# Doublecad - use with Sketchup.



## Chris Knight (26 Nov 2009)

For a variety of purposes, it's useful to have proper dimensioned drawings from SU and that is expensive if you buy the Pro edition for Layout to get them. Some folk also say they are Autocad users and find SU hard to get on with. 

Both these concerns can be addressed to a fair degree by using Doublecad - it's FREE from here. It is a powerful AutoCAD LT work-alike program - but better (according to the manufacturer).

You can see a neat video of it handling a SU import here. Once in Doublecad, you can then use Autocad-like commands to manipulate your file, save it etc.

It's a Windows program but runs OK in a VM such as Parallels for us Mac folk.

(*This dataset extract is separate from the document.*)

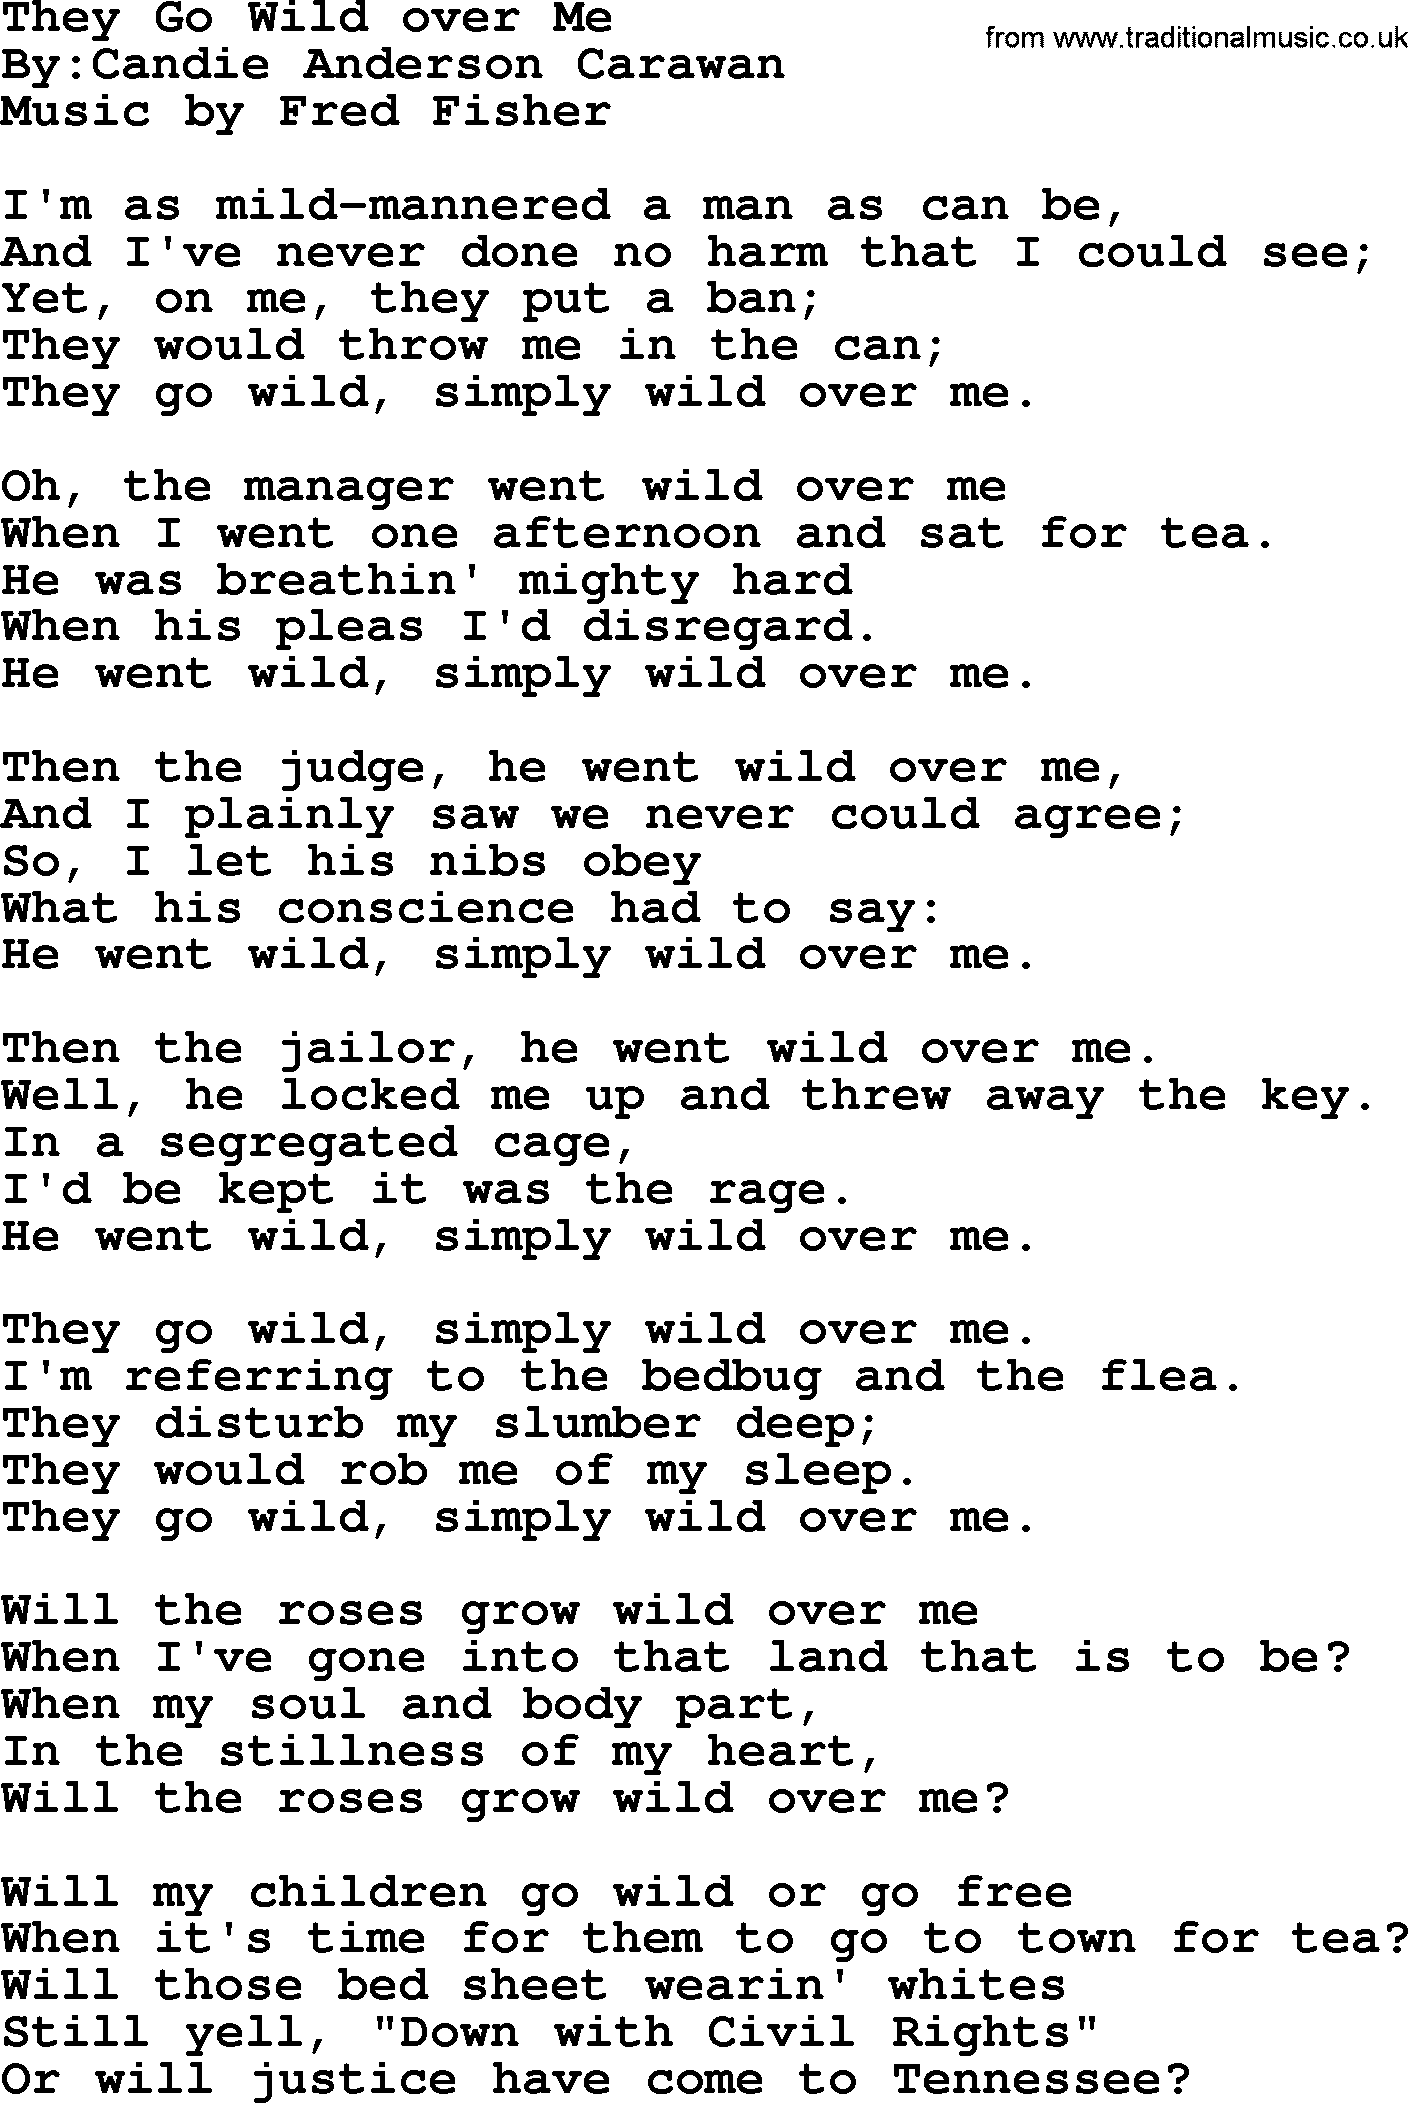 Political, Solidarity, Workers or Union song: They Go Wild Over Me, lyrics
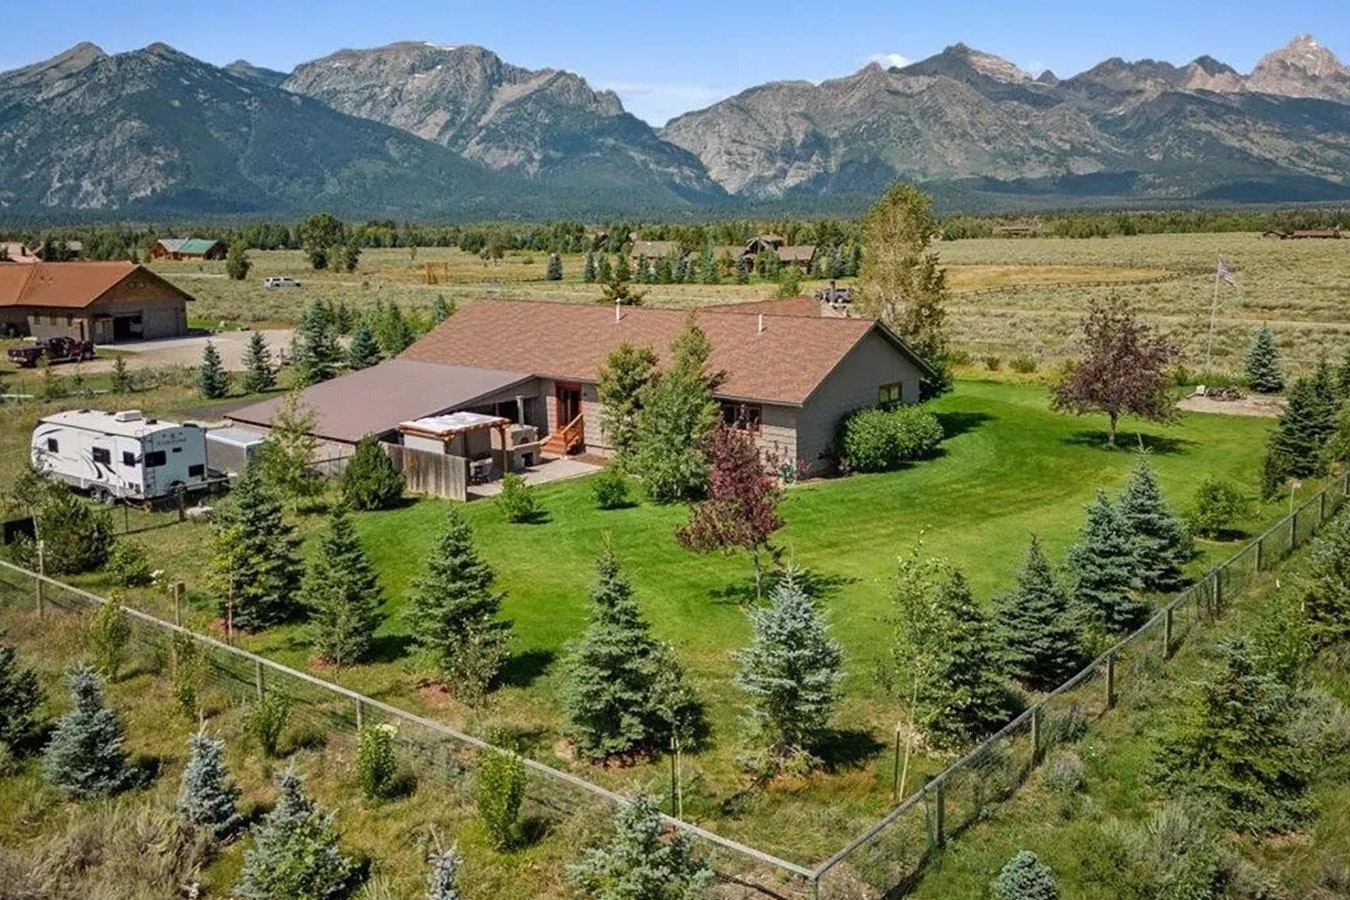 This four-bedroom, three-bath home on 3 acres in Jackson is listing for $3,995,000.

I have only fired it up once so have no real experience with it but it seems to work as advertised.


----------



## xy mosian (27 Nov 2009)

Thanks Chris. I have previously used another free CAD program, A9CAD, which I find does everything I want. However DoubleCad does indeed open Sketchup files and will save them as DWG files, which A9CAD will not. Thanks again.

xy


----------



## Steve Maskery (27 Nov 2009)

Chris, what an extraordinarily good find!

I'm used to SUs foibles now, but there are some thing I miss from a "proper" CAD program, like hatching and easy perpendicularity.

In the 1980s I worked for a company called PAFEC. It was at the cutting edge of design technology. The original challenge was to produce a CAD program that could be sold in the marketplace for under 100K. Now a program like this is available for free!

The test I like to use is to draw a tangent to two circles. We could do that in 1987, but some programs fail even today. How do you do it in SU? It's not easy. This does it without even blinking.

What an excellent addition to my armoury!

Thanks Chris, this is one of the better things that has happened recently! 
S


----------



## Chris Knight (27 Nov 2009)

Steve,
Glad you like it. There is a plugin for SU that can helps with tangents - see here

http://forums.sketchucation.com/viewtop ... 80#p160780

It's a bit flaky for me but works reasonably well


----------



## Steve Maskery (28 Nov 2009)

Yes, good but not perfect. The problem here is that SU doesn't really do circles. So when you want a common tangent, it works out the tangent point properly. But in SU circles are really duodecatetragons (or should that be duododecagons - no, I prefer the former, there are more syllables  ) so the tangent doesn't actually touch the circle at all, So no intersection for surfaces etc.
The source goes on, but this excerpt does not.